Adaçayı Bademcik ve boğaz enfeksiyonlarına karşı koruyucu:
Yaklaşık bir su bardağı suda bir poşet adaçayı veya bir
tatlı kaşığı taze adaçayı on dakika ağzı kapalı olarak demlenir. Günde iki-üç
defa gargarası yapılır.
Ayrıca, beraberinde bir ay boyunca her gün bir çay bardağı
adaçayı içilir. Demleme süresi tamamlandıktan sonra bitkiyi daha fazla suyunun
içinde bekletmeyiniz, mutlaka süzüp ayırınız. Hazırlanan gargara kırksekiz saat
bozulmadan banyo dolabınızda durabilir.
Önemli Not: Aktarlardan satın alacağınız adaçayı hem çok
daha ucuz hem de amacınıza daha uygun olacaktır.
Adaçayının Zararları veya
Yan Etkileri Nelerdir?
Herhangi bir sağlık sorununda bitkisel droglar sadece tıbbi
onay olması halinde kullanılmalıdır.
Sürekli ve fazla miktarda kullanımdan kaçınılmalıdır.

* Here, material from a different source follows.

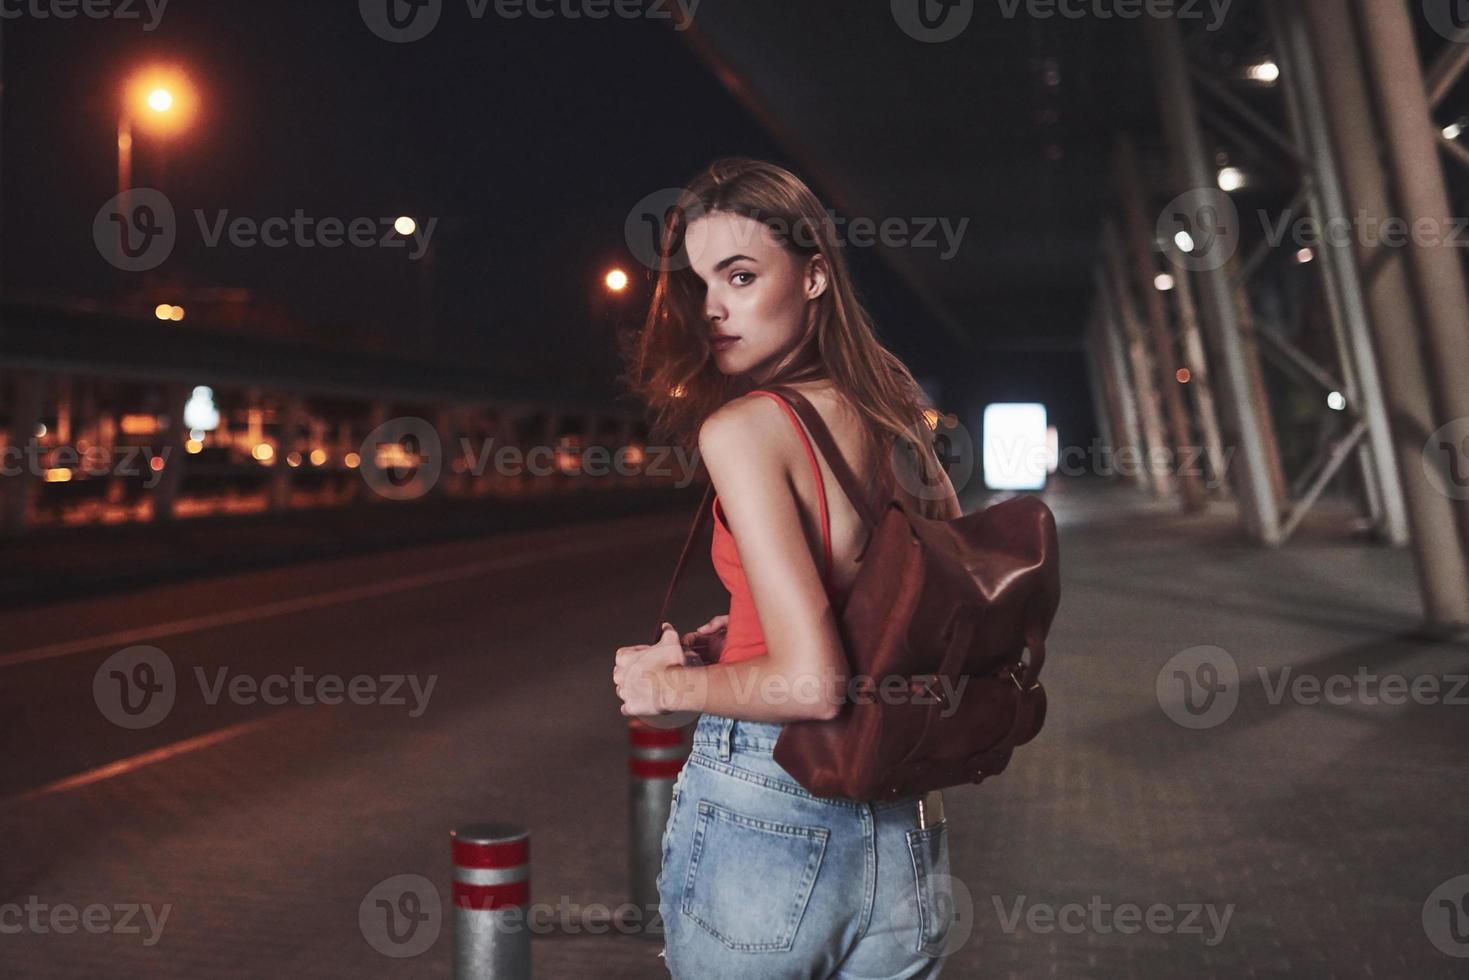 una giovane bella ragazza con uno zaino dietro le spalle si trova per strada vicino a un aeroporto o una stazione ferroviaria in una calda serata estiva. è appena arrivata e aspetta un taxi o i suoi amici foto

Mide ve onikiparmak barsak ülserinde, hepatitte ve akut
gastritte adaçayı gibi uçucu yağ içeren bitkilerin kullanılmaması gerekir.
Düşük yapma olasılığını artıran bazı maddeler bulunduğundan
dolayı hamileler kullanmamalıdır.
Anne sütünün salgılanmasını azaltıcı özelliği bulunduğundan
emziren kadınlar kullanmamalıdır.
Bazı kişilerde kan basıncını yükseltebilir.
Küçük çocuklara içirilmesi tavsiye edilmez.
Konsantre adaçayı yağı içilmemelidir.
Adaçayı tarihte zirai ilaç olarak kullanılmıştır. Adaçayı bir parazit kovucu (uzaklaştırıcı) olduğu için adaçayına parazitler, böcekler yaklaşamaz. Antikçağda ve sonraki yüzyıllarda sebze ve tahıl ekilen alanlara adaçayının yaprak ve saplarının zirai ilaç olarak serpilmesinin nedeni de budur.